Although CSW has a built-in feature to find datasets within a specified bounding box, it doesn't have a feature to find datasets within a specified time interval. We therefore create the function fes_date_filter
below that finds all datasets that have at least part of their data within the specified interval. So we find all datasets that start before the end of the interval and stop after the beginning of the interval.
In [2]:
from owslib import fes
def fes_date_filter(start, stop, constraint="overlaps"):
"""
Take datetime-like objects and returns a fes filter for date range
(begin and end inclusive).
NOTE: Truncates the minutes!!!
Examples
--------
>>> from datetime import datetime, timedelta
>>> stop = datetime(2010, 1, 1, 12, 30, 59).replace(tzinfo=pytz.utc)

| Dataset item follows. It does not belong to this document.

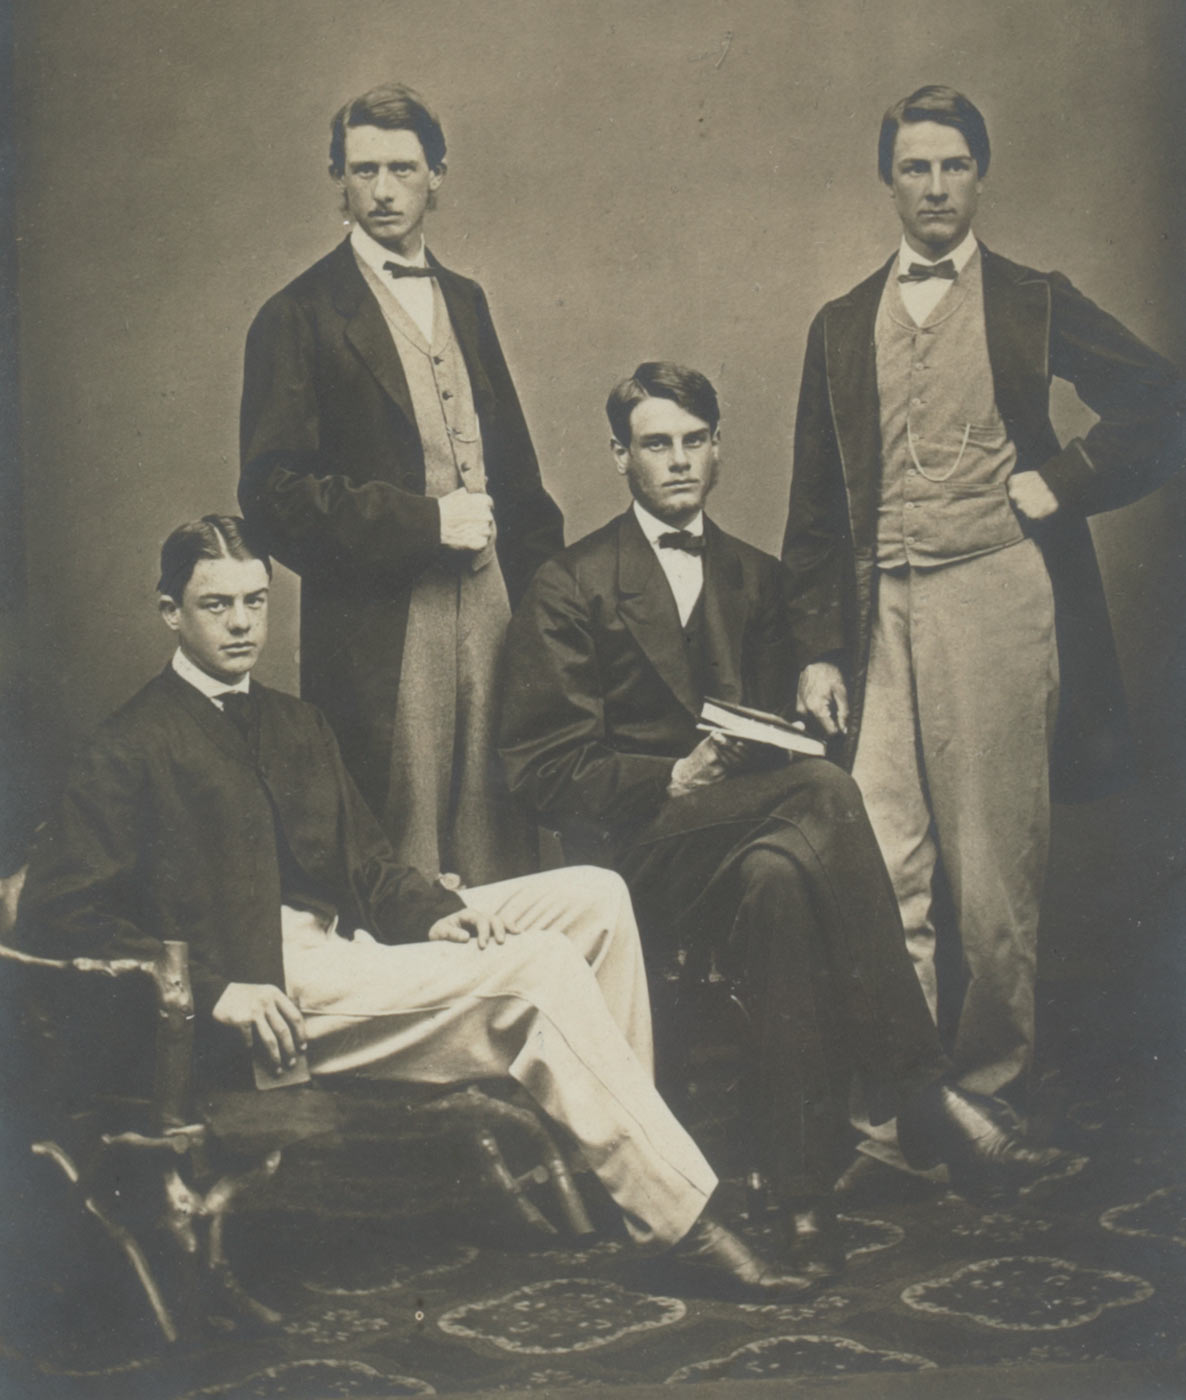 A black and white portrait photograph of four men, two seated and two standing, all wearing suits and bowties. The photograph is set on a grey mount and in a light brown wooden frame with recessed gold interior edging. It depicts standing, on left, William Percy, on right, George Ernest; seated on left, Reginald, on right Henry Montague. Handwritten on mount

>>> start = stop - timedelta(days=7)
>>> begin, end = fes_date_filter(start, stop, constraint='overlaps')
>>> begin.literal, end.literal
('2010-01-01 12:00', '2009-12-25 12:00')
>>> begin.propertyoperator, end.propertyoperator
('ogc:PropertyIsLessThanOrEqualTo', 'ogc:PropertyIsGreaterThanOrEqualTo')
>>> begin, end = fes_date_filter(start, stop, constraint='within')
>>> begin.literal, end.literal
('2009-12-25 12:00', '2010-01-01 12:00')
>>> begin.propertyoperator, end.propertyoperator
('ogc:PropertyIsGreaterThanOrEqualTo', 'ogc:PropertyIsLessThanOrEqualTo')
"""
start = start.strftime("%Y-%m-%d %H:00")
stop = stop.strftime("%Y-%m-%d %H:00")
if constraint == "overlaps":
propertyname = "apiso:TempExtent_begin"
begin = fes.PropertyIsLessThanOrEqualTo(propertyname=propertyname, literal=stop)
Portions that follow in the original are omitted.